Build drama, create rhythm and more
Short sentences are best. But make every sentence simple and short, and your copy will read like “See Dick run” primers.
So vary the length of your sentences — for interest, for drama, for rhythm.
Fluctuating sentence lengths can help you:
1. Make a point more powerfully.
“People read long sentences quickly,” says Jacqui Banaszynski, associate managing editor at The Seattle Times. “They read short sentences more slowly. Short sentences are power points in your copy.”

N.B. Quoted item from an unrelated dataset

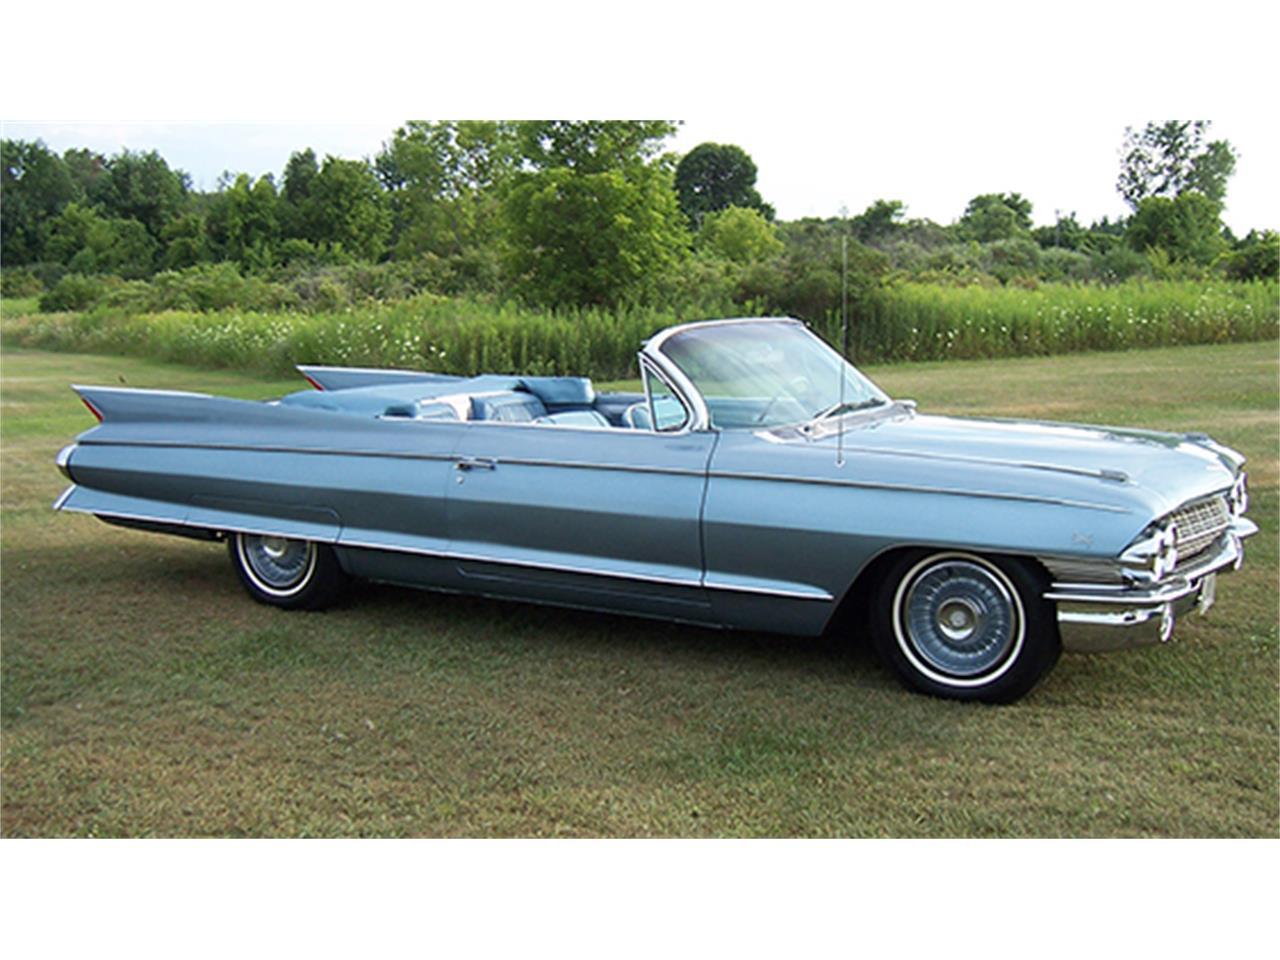 1961 Cadillac Eldorado Biarritz Convertible For Sale Classiccars El Dorado Large Picture Of 61 J3k0

Take these powerful passages from a Pulitzer Prize-winning series in the New York Daily News about the plight of Sept. 11 rescue workers. Notice how the lead’s staccato sentences hit you in the chest like machine gun fire:
A man’s life is at stake. His name is Vito Valenti. On Sept. 11 he was caught in the maelstrom and stayed at Ground Zero as a volunteer to help in the frantic rescue and recovery operation. And today he is dying.
He cannot work.
He has no pension.
He has no health insurance.
He has no money for medications.
His lungs are being destroyed by pulmonary fibrosis.
His only hope is a double lung transplant, but he cannot afford even the oxygen he needs to make it day by suffocating day.
Only through the good graces of a generous medical supply company is he being sustained with the fundamental requirement of life: breath.
The rest of the article moves along at a more leisurely cadence with an average sentence length of 16.5 words. But the ending returns to gunfire pace:
He shouldn’t have to beg.
What power points are you making in your piece? How can you use short sentences to slow readers down and better make your point?
“Remember that two great masters of language, William Shakespeare and James Joyce, wrote sentences that were almost childlike when their subjects were most profound.”
— Kurt Vonnegut, novelist
2. Clarify complex concepts.
Shorter sentences increase understanding. So the harder your topic is to understand, the shorter your sentences should be.
“The oldest and best advice in the business is: The tougher it is to tell, the slower and simpler you tell it.”
— Bob Levey, “hometown columnist” for the Washington Post
3. Increase credibility.
In times of crisis, make your sentences, words and paragraphs shorter and simpler. That will show your organization to be transparent, rather than covering up the facts by obfuscating.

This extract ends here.